**WHAT IS BEING ASKED**
Quote the lines of the data below verbatim, beginning at the line that contains "Stainless Steel Camping" and ending at the last line, both included, and excluding pictures.

**DATA BLOCK**

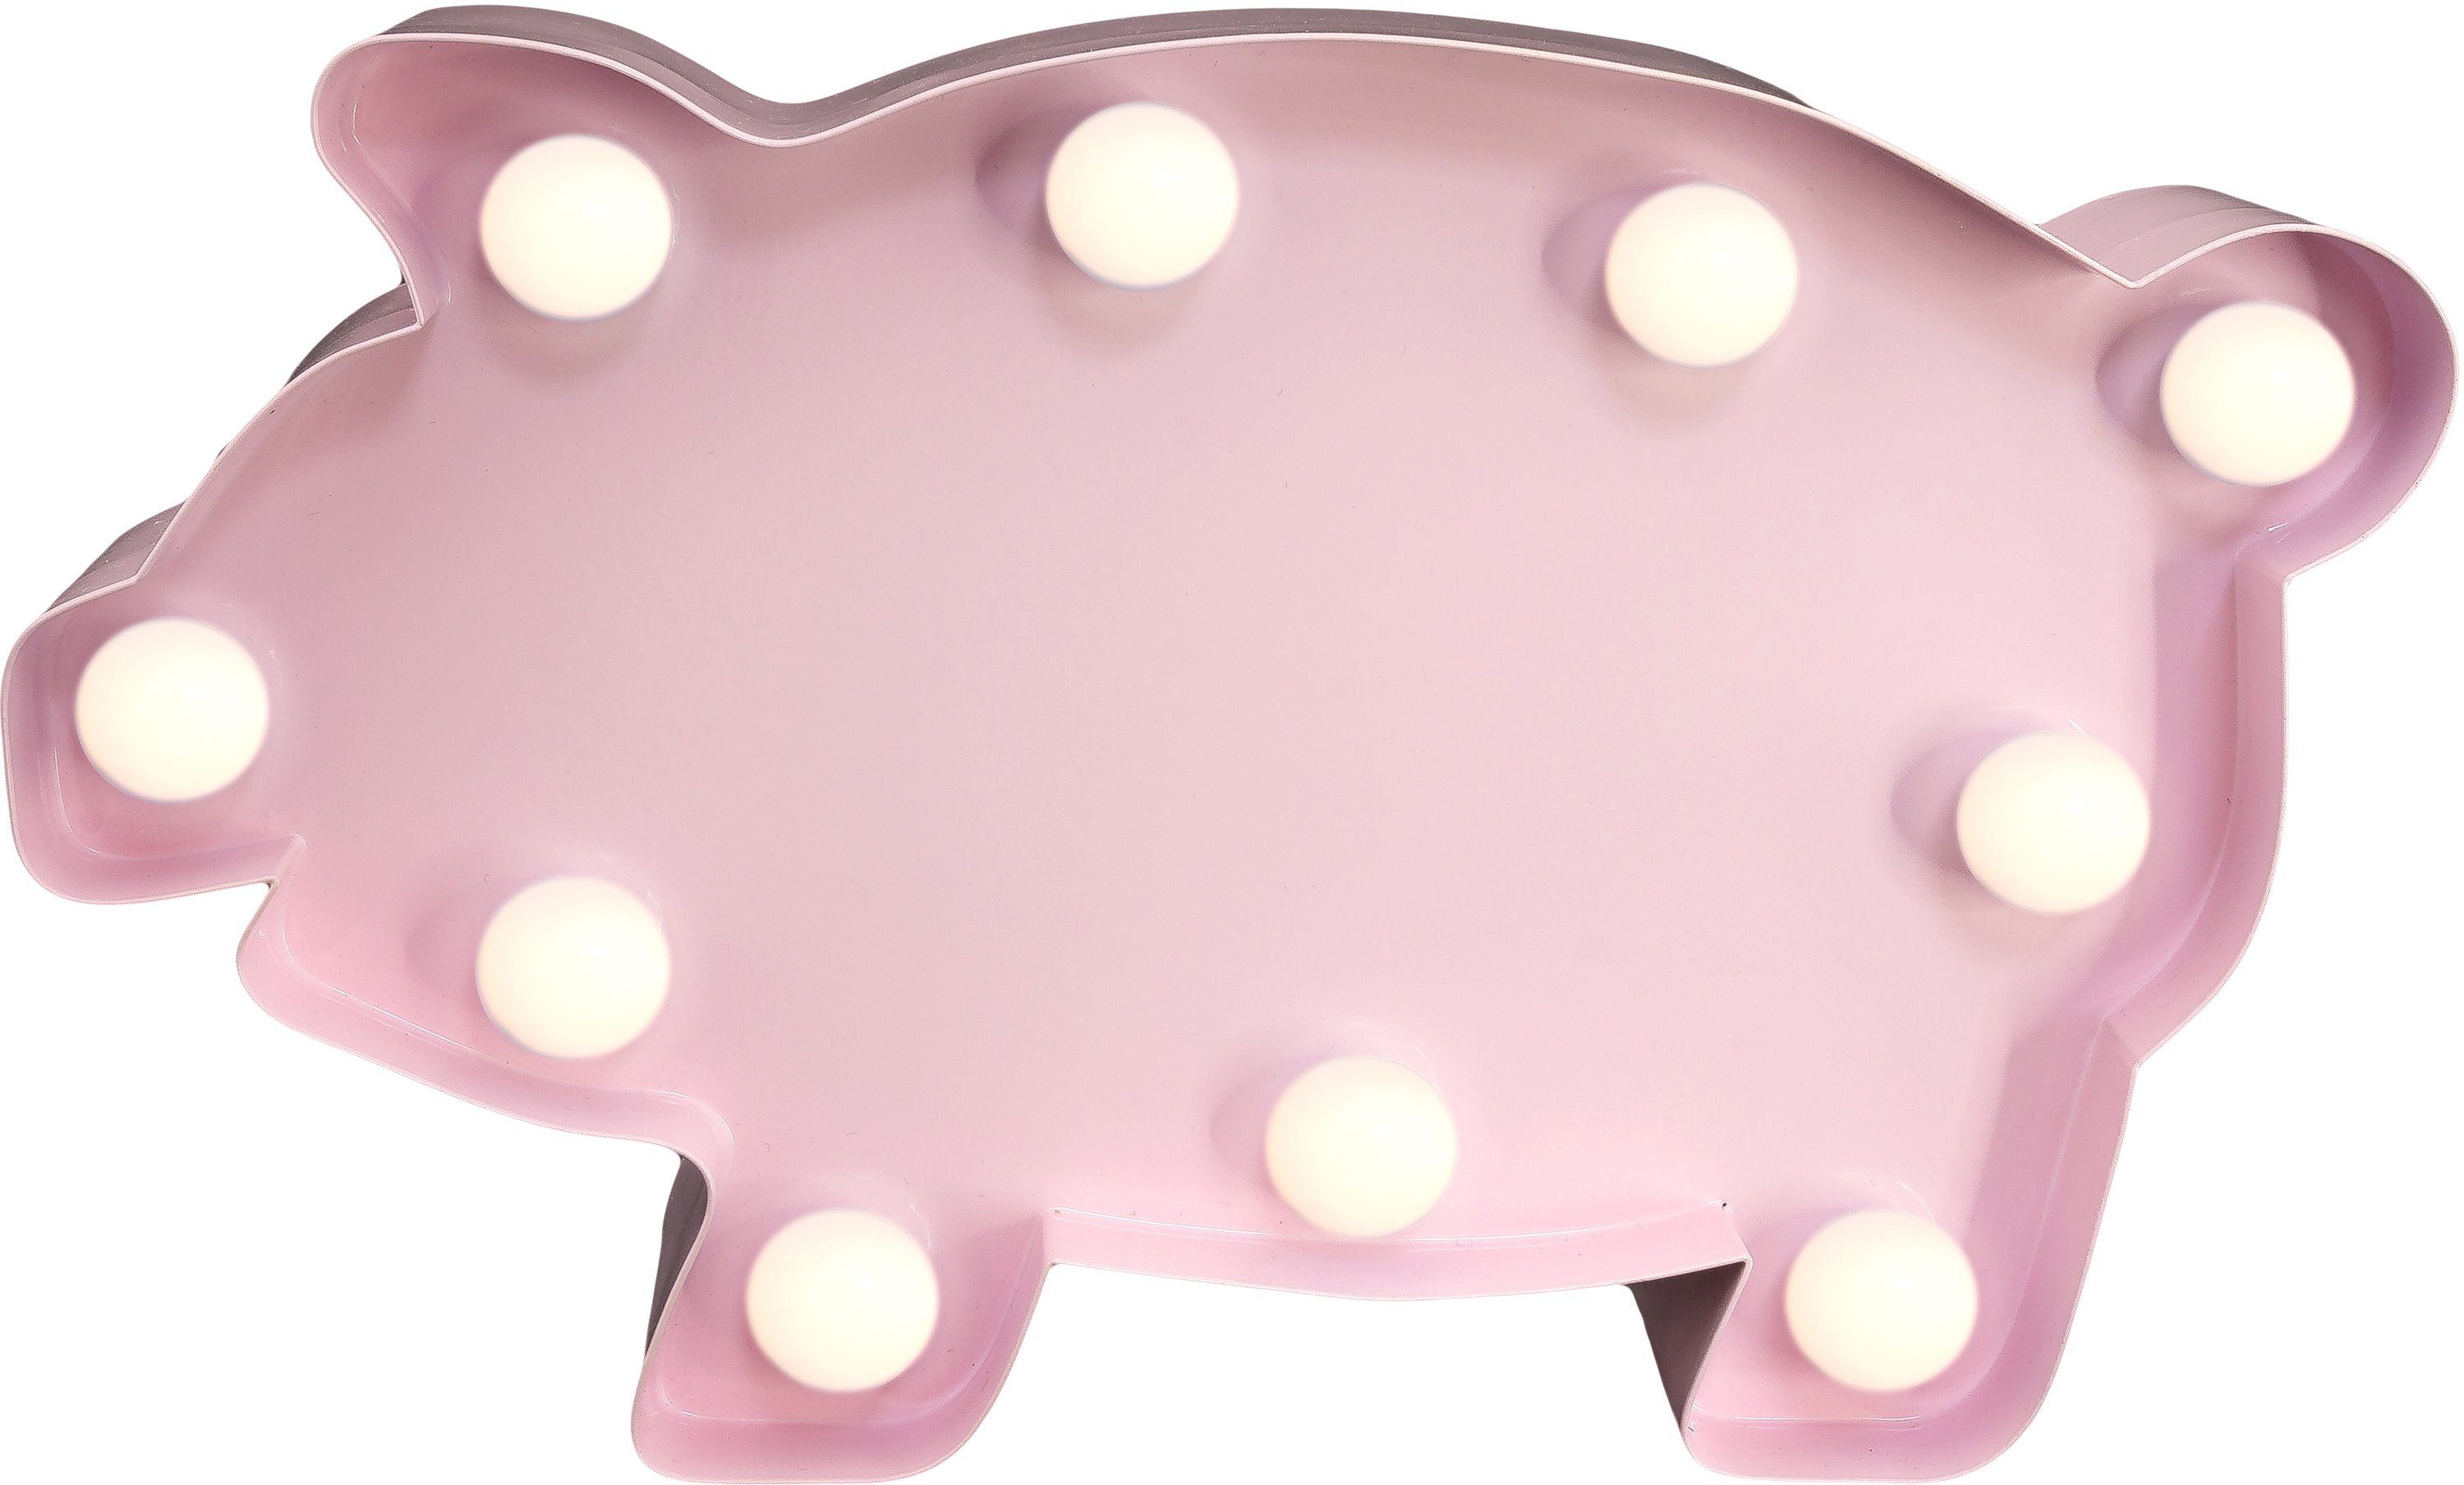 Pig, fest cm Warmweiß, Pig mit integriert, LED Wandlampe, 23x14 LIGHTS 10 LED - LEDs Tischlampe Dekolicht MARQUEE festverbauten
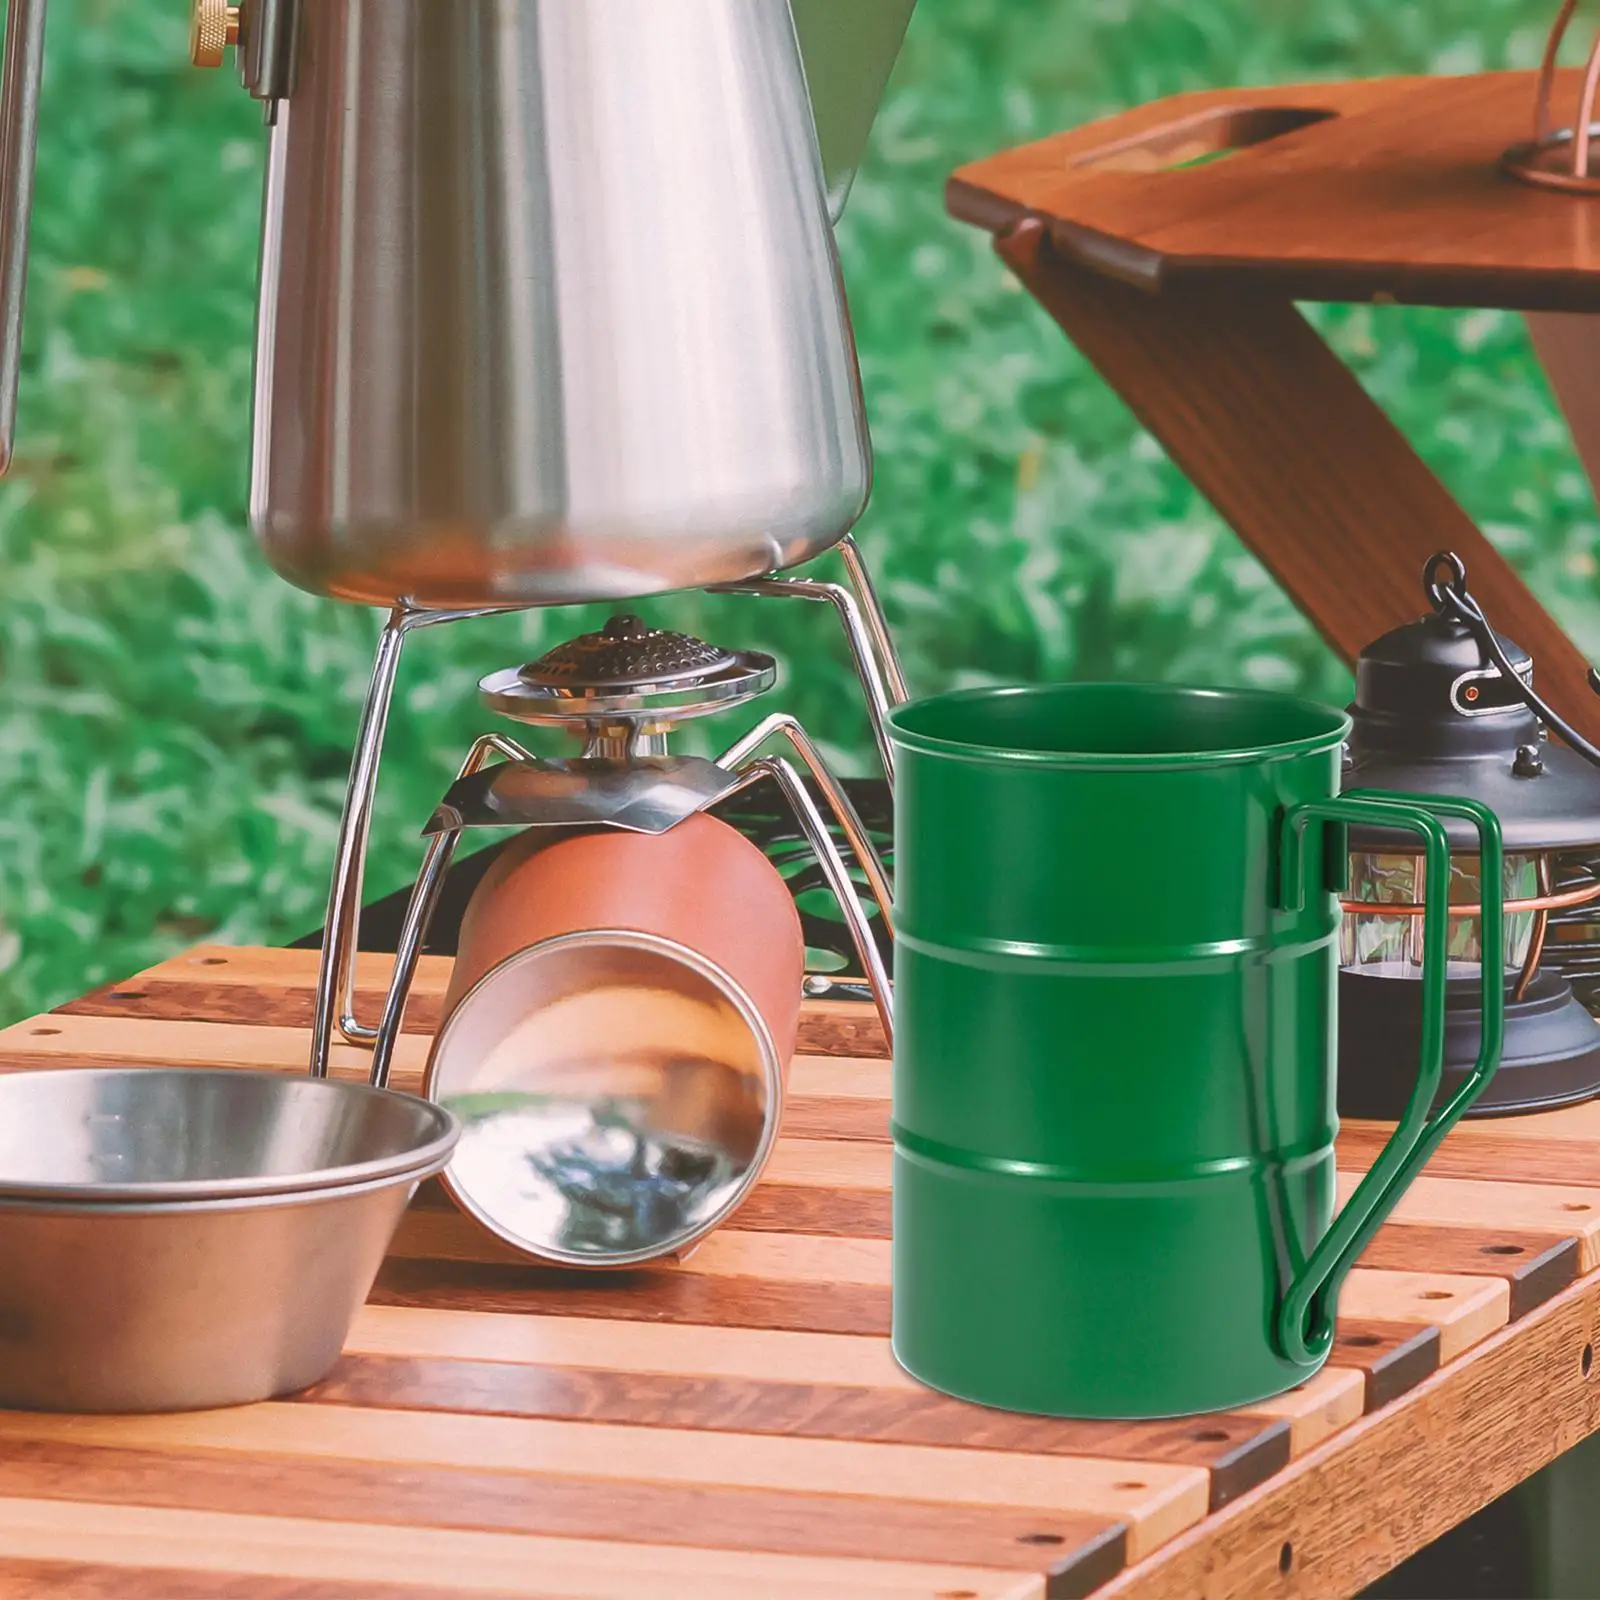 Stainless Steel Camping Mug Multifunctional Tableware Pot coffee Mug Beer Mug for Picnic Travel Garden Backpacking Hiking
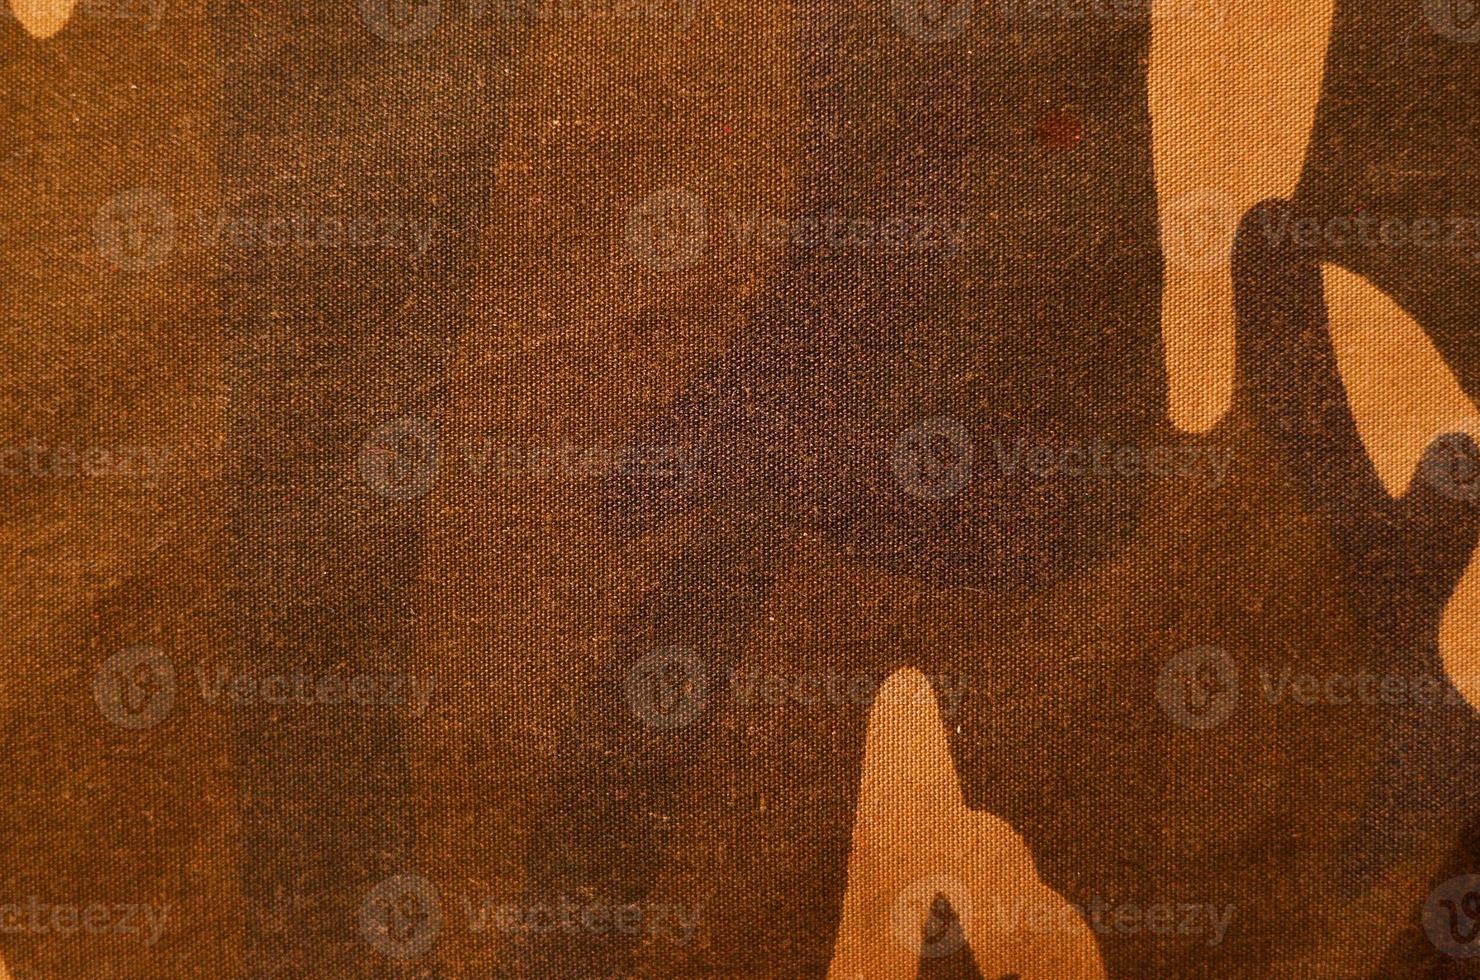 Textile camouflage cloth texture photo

**RESULT**
 Stainless Steel Camping Mug Multifunctional Tableware Pot coffee Mug Beer Mug for Picnic Travel Garden Backpacking Hiking
 Textile camouflage cloth texture photo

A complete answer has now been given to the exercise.